■ What is required
Copy everything in the listing below word for word, apart from any images.

■ Data
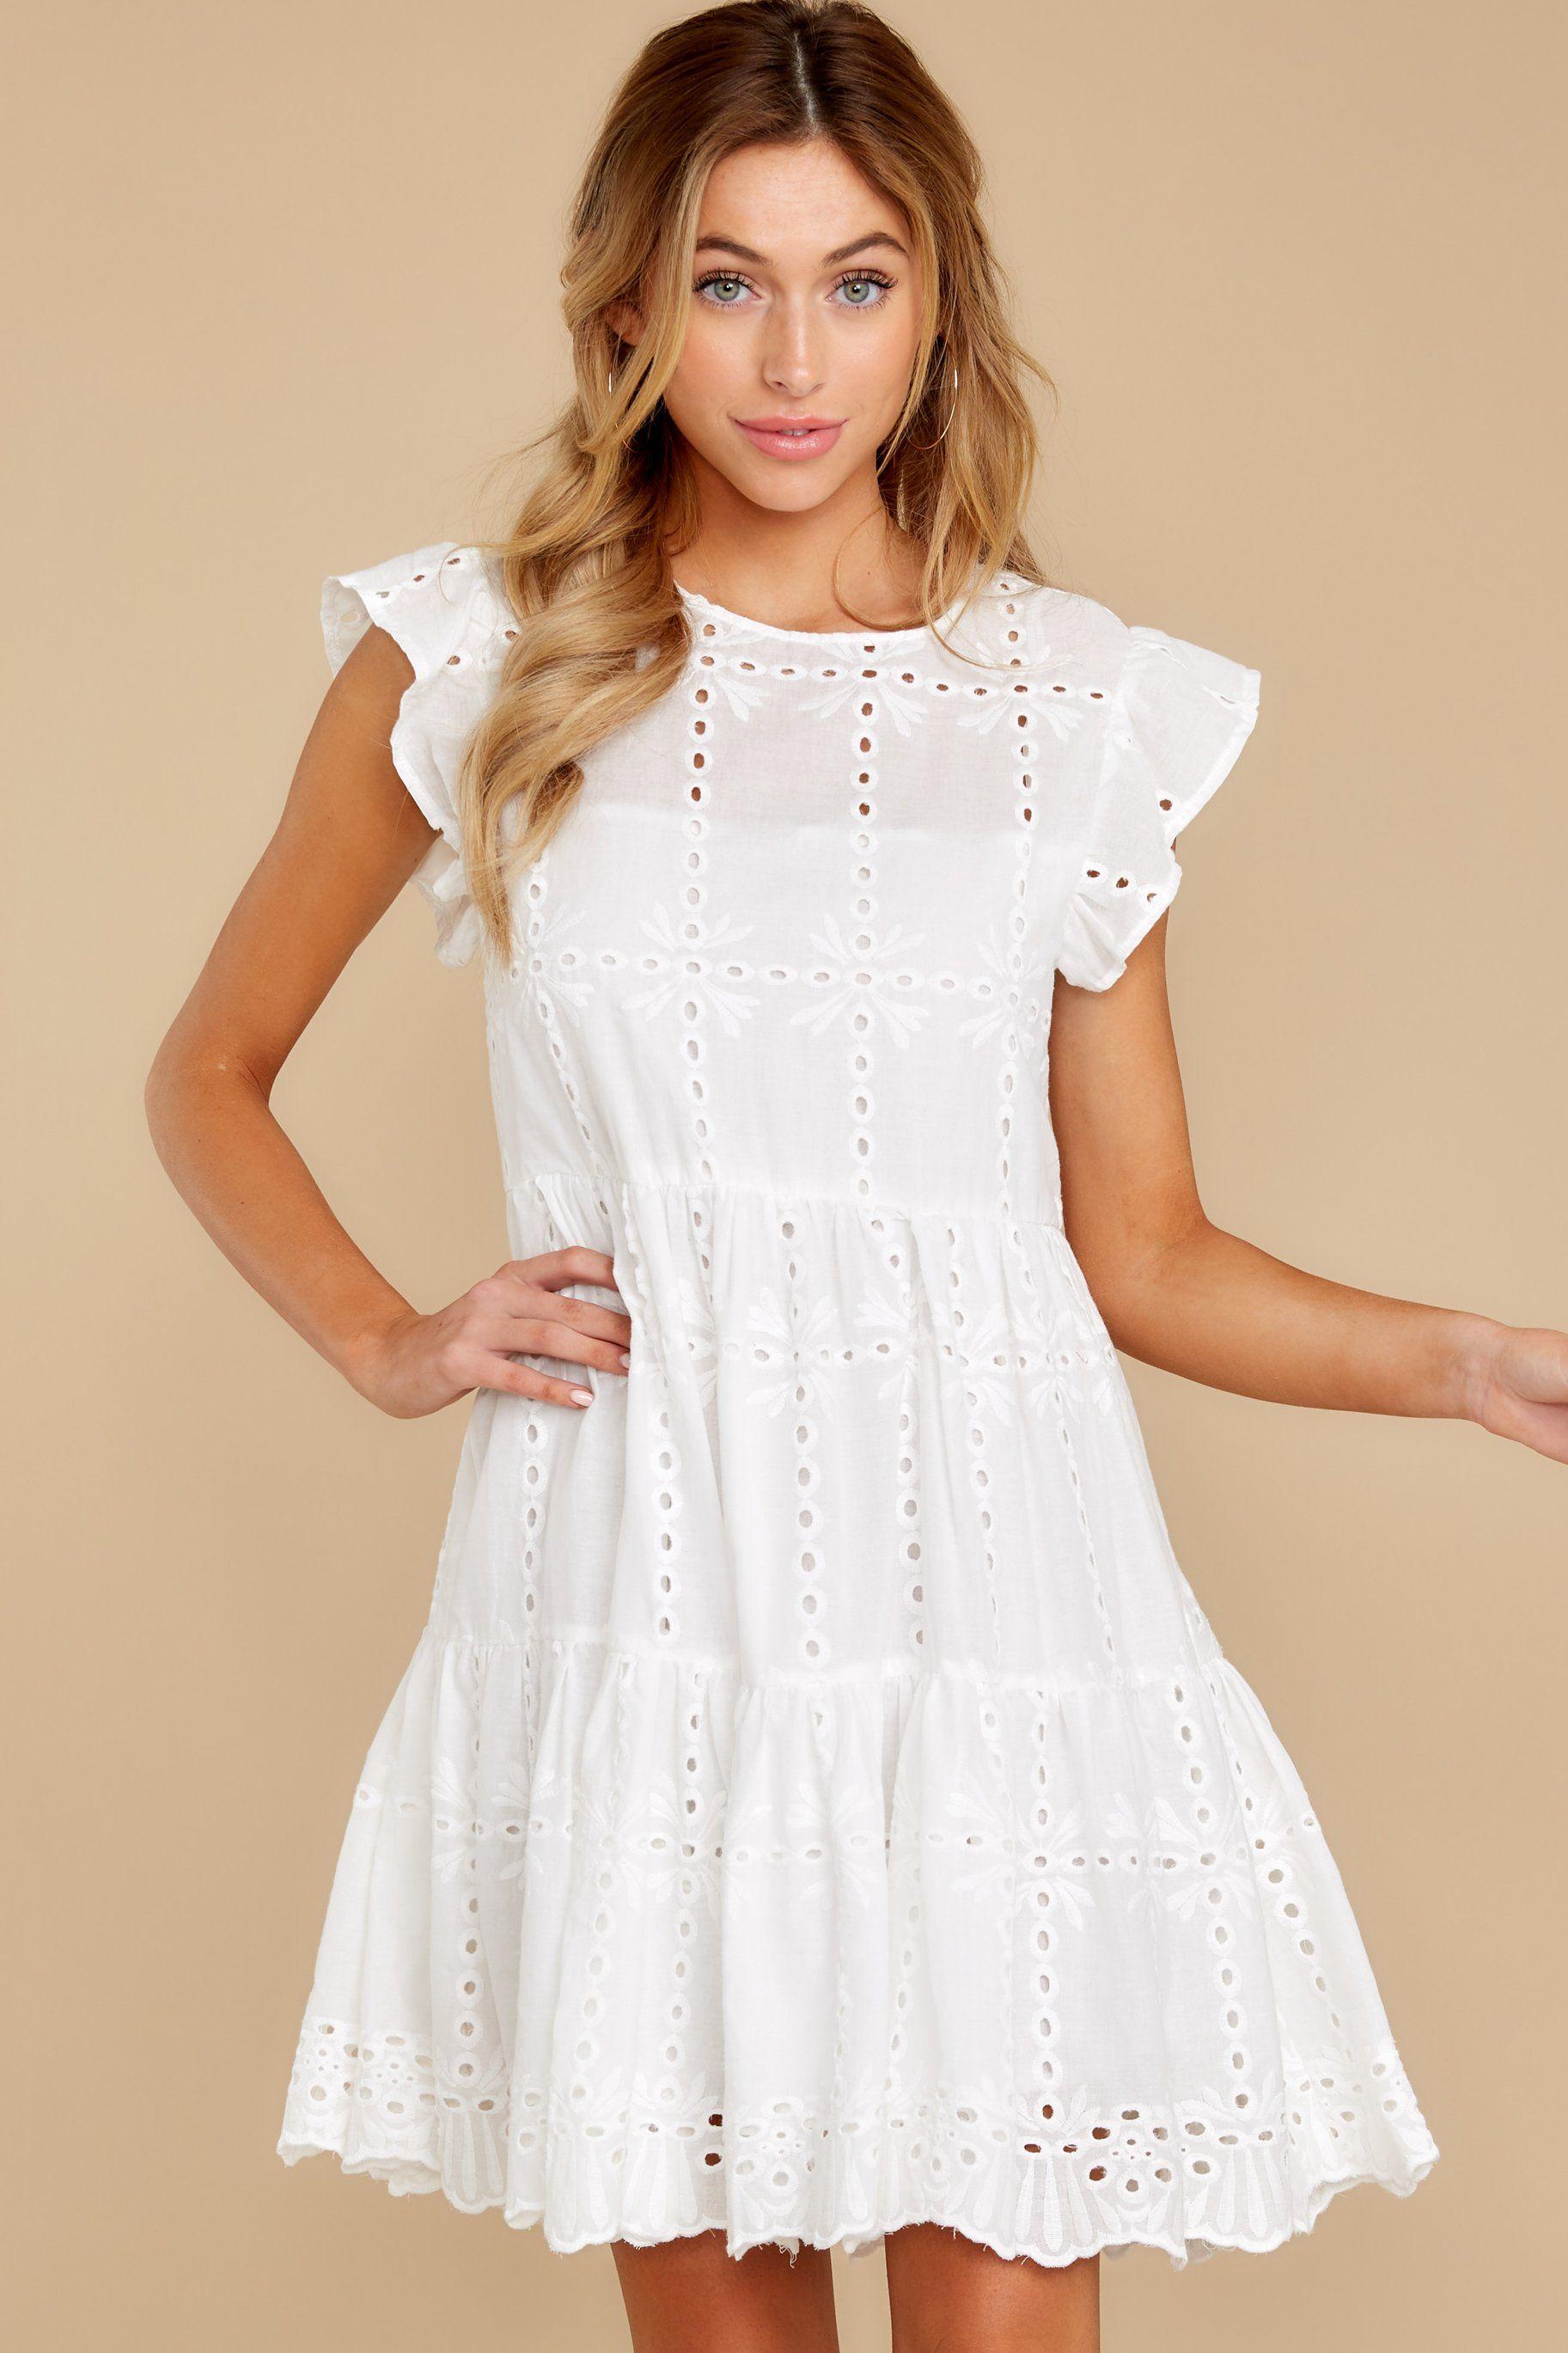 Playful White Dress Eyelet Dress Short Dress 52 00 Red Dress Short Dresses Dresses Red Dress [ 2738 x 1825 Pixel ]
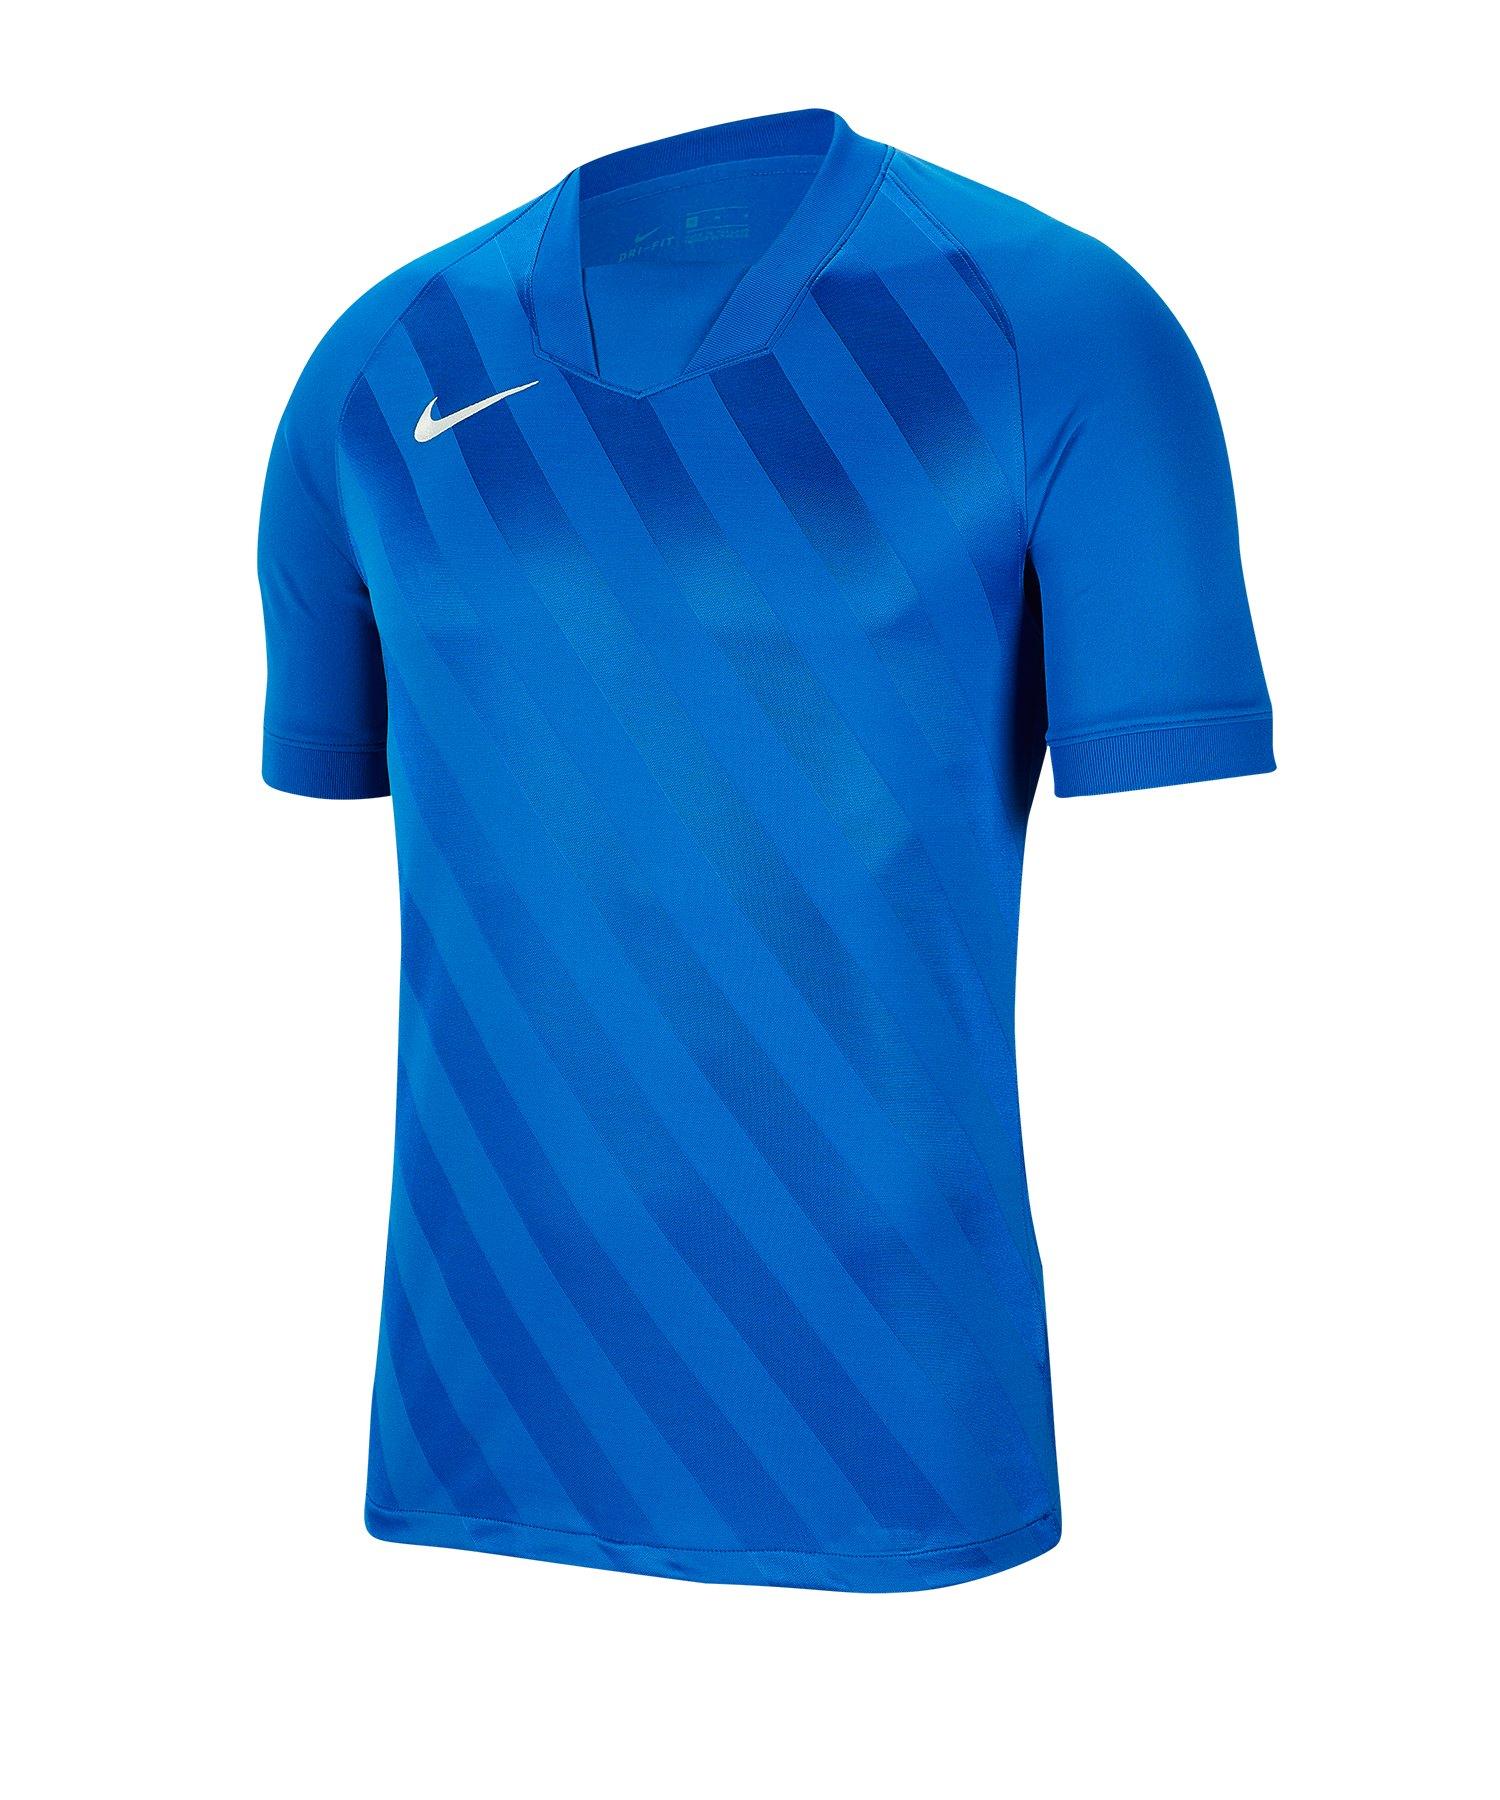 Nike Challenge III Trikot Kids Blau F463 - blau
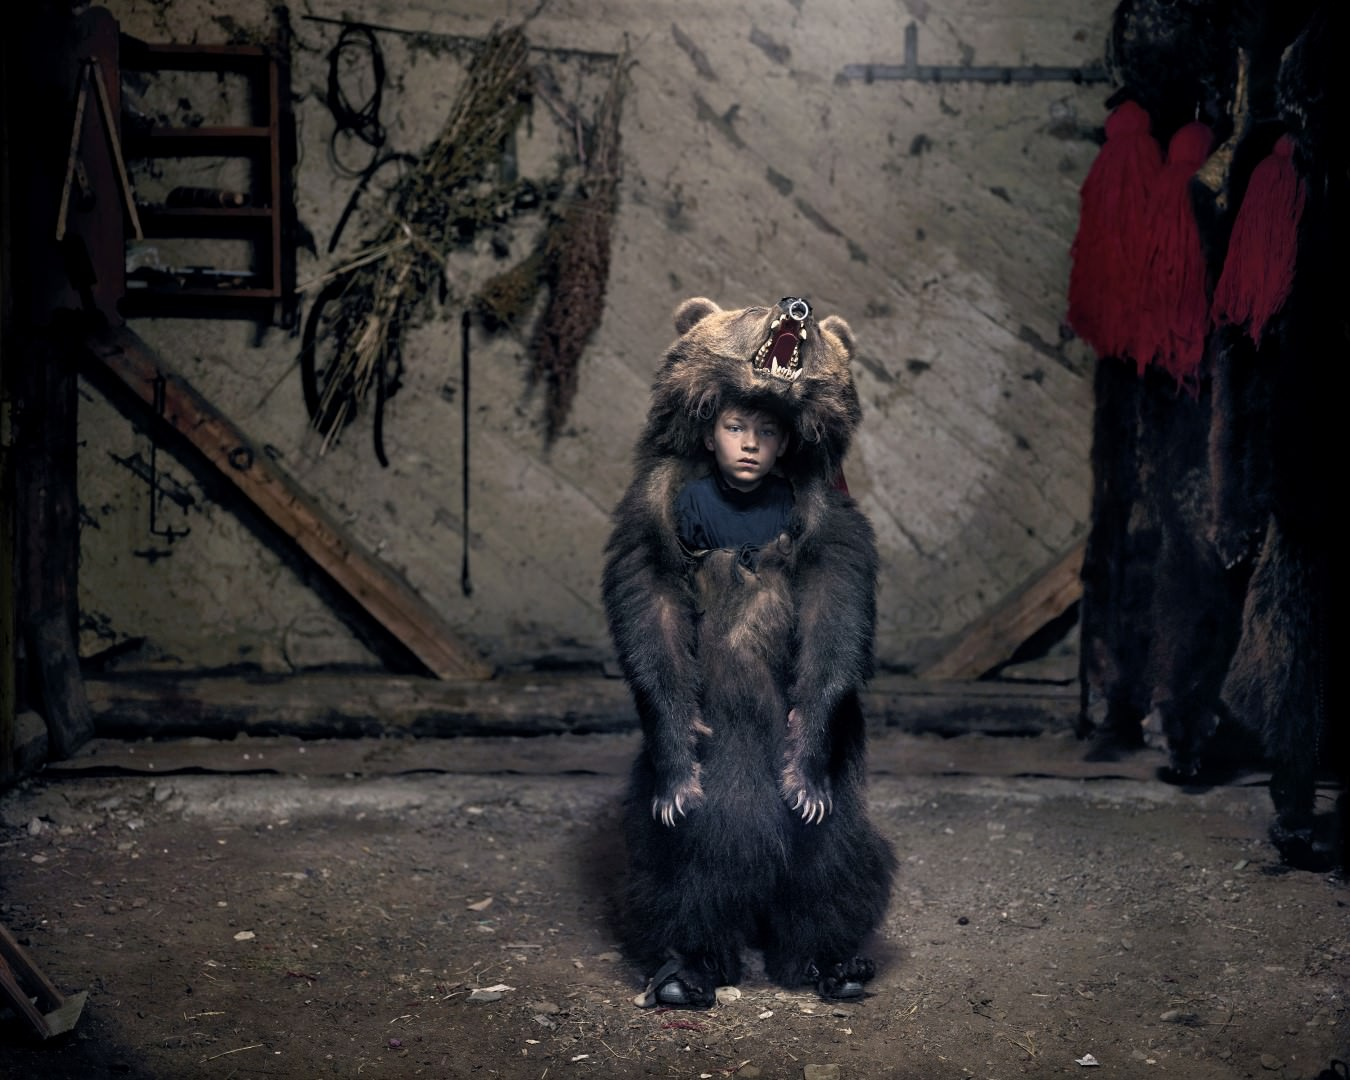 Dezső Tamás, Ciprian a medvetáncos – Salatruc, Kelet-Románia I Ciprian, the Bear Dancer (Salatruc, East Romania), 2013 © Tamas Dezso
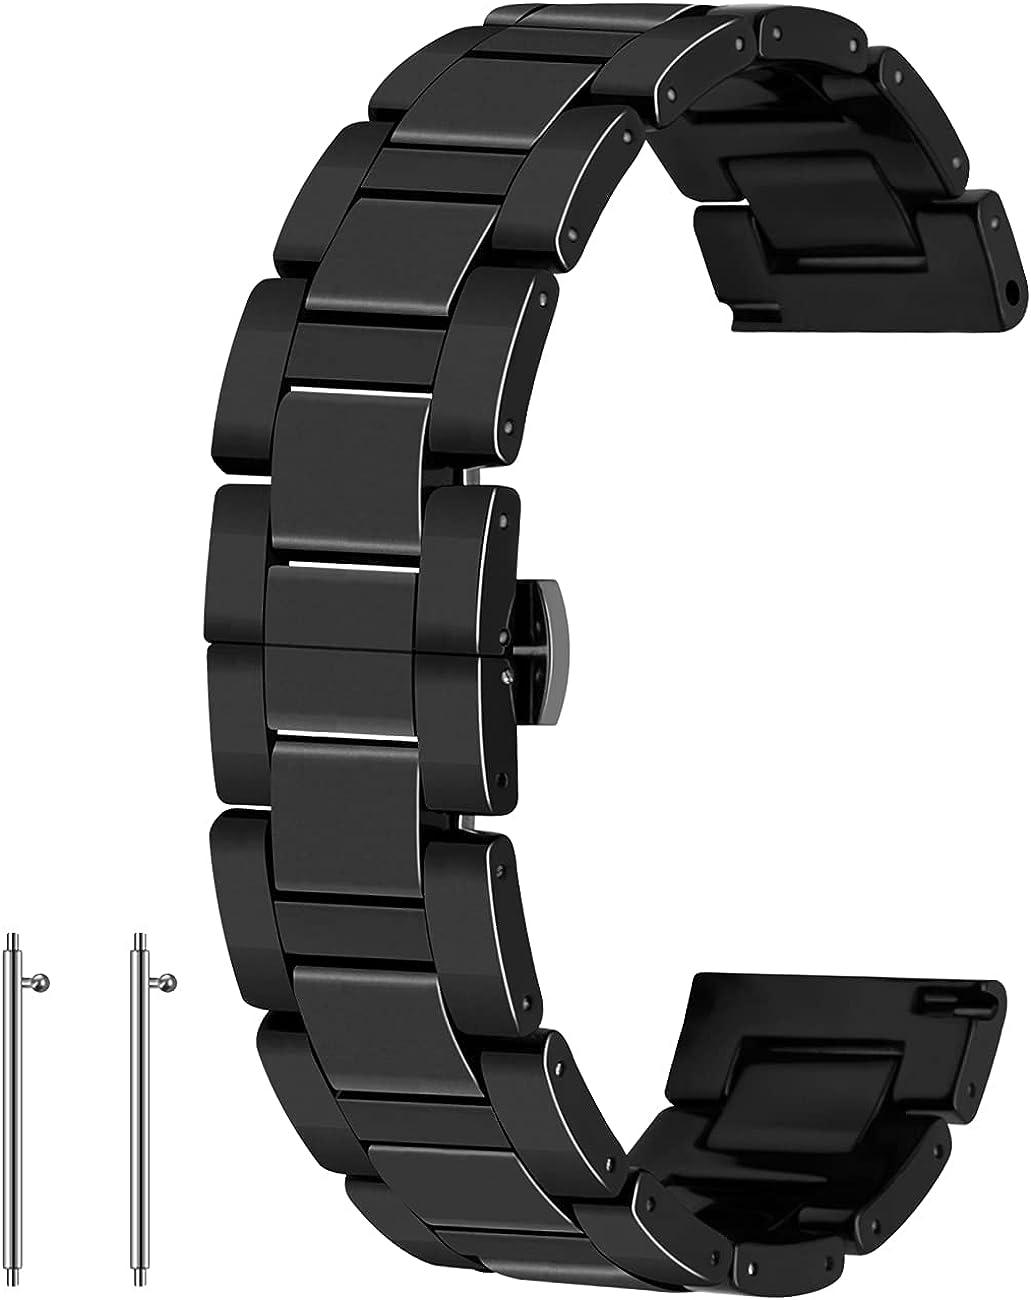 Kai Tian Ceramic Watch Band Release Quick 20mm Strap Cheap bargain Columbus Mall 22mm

■ Response
 Playful White Dress Eyelet Dress Short Dress 52 00 Red Dress Short Dresses Dresses Red Dress [ 2738 x 1825 Pixel ]
 Nike Challenge III Trikot Kids Blau F463 - blau
 Dezső Tamás, Ciprian a medvetáncos – Salatruc, Kelet-Románia I Ciprian, the Bear Dancer (Salatruc, East Romania), 2013 © Tamas Dezso
 Kai Tian Ceramic Watch Band Release Quick 20mm Strap Cheap bargain Columbus Mall 22mm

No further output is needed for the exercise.